On Wed, May 07, 2014 at 11:56:18AM -0700, Junio C Hamano wrote:
> John Keeping <j...@keeping.me.uk> writes:
> 
> > On Tue, May 06, 2014 at 05:01:59PM -0700, Junio C Hamano wrote:
> > ...
> >> Another thing to keep in mind is that we need to ensure that we give
> >> a good way for these third-party tools to integrate well with the
> >> core Git tools to form a single toolchest for the users.  I would
> >> love to be able to do
> >> 
> >>     $ (cd git.git && make install)
> >>     $ (cd git-imerge.git && make install)
> >> 
> >> and then say "git imerge", "git --help imerge", etc.  The same for
> >> the remote helpers that we may be splitting out of my tree into
> >> their own stand-alone projects.
> >
> > This can already work given suitable installation.  With
> > git-integration[1] I can type `git help integration` and it shows me the
> > man page in the same way that `git help commit` does.  When I manually
> > linked the HTML file to the right place `git help -w integration` worked
> > as well.
> 
> That "when I manually" part is what I meant by "we give a good way
> for these third-party tools" above, and "make it really easy to
> install these third-party tools" in the remaining part of the
> message you are responding to.
> 
> > I think this is enough...

Having thought about it a bit more after reading Felipe's reply, it
would be nice if there were some way for third-party tools to install
HTML documentation without relying on `git --html-path` but I cannot see
an obvious way to do that as there isn't a standard $HTML_PATH to match
$MAN_PATH and $PATH.

I've never tried `git help --info` until this thread, but I think we
could make some trivial improvements to that in order to support .info
documentation for third-party tools.

> The reason why I CC'ed Michael was primarily because I thought you
> were not one of those third-party tools maintainers (and secondarily
> I am a fairly big fan of imerge), but it is good to hear your
> opinion as another third-party provider.  Your git-integrate might
> turn into something I could augment my workflow with with some
> additions.  What is missing (I only read the full manual page at
> http://johnkeeping.github.io/git-integration/git-integration.html)
> to support my workflow seems to be:
> 
>  - specifying a merge strategy per branch being merged;

This is already supported by the "merge" instruction:

        If any options are given after the ref (and on the same line)
        then these are passed to git merge. This may be useful for
        specifying an alternative merge strategy for a branch.

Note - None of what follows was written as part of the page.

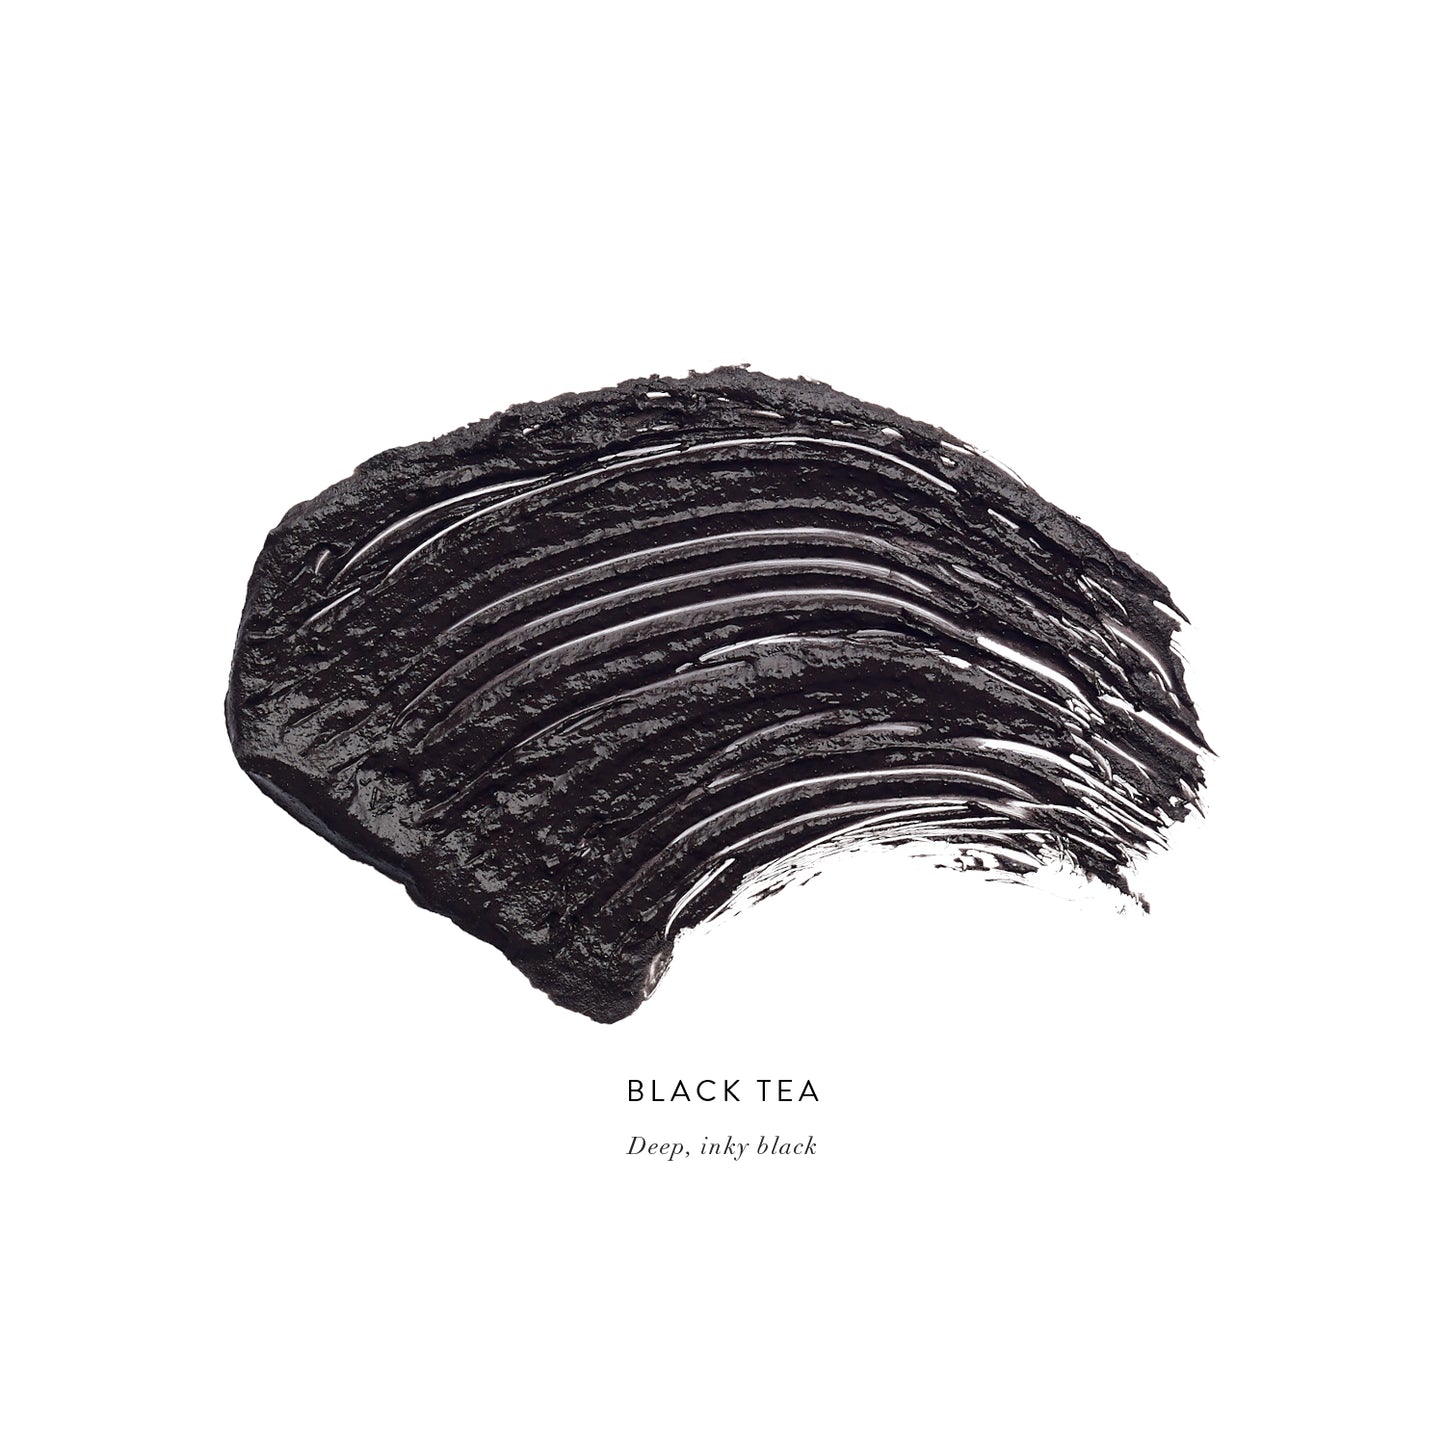 Lük Beautifood Lash Nourish Mascara in Black Tea.  Deep, inky black. 100% Natural Mascara

>  - support evil merges or picking a fix-up commit;

I have an implementation of this on a branch, but have never merged it
because it's not something I need to do often and it is very hard to
support for git-integration's "status" output.

One of my primary use cases for git-integration involves pulling
together branches owned by others (either in the same repository or by
having fetched from their repositories); in this case it is interesting
to see if/how a branch has changed since the last time the integration
branch was built.  This also handles changes to the instruction sheet
without an immediate rebuild.

I have not found a good way of figuring out whether a fixup commit has
been applied and squashed into a merge) so I have let the branch sit
there awaiting a perfect solution (which I doubt exists).  It may be
that the status of a fixup is unimportant, so it could just be marked as
unknown; I am mostly convinced that marking it as unknown is going to be
better than an heuristic that is right most of the time.

>  - leaving an empty commit only to leave comment in the history.

This would be easy to add.

> and until that happens, I'll keep using the Reintegrate script found
> in my 'todo' branch.

When I originally wrote git-integration I purposefully did not target
your workflow because I (perhaps wrongly) assumed that the interaction
between the different integration branches would mean that Git was
better served sticking to the custom Reintegrate script.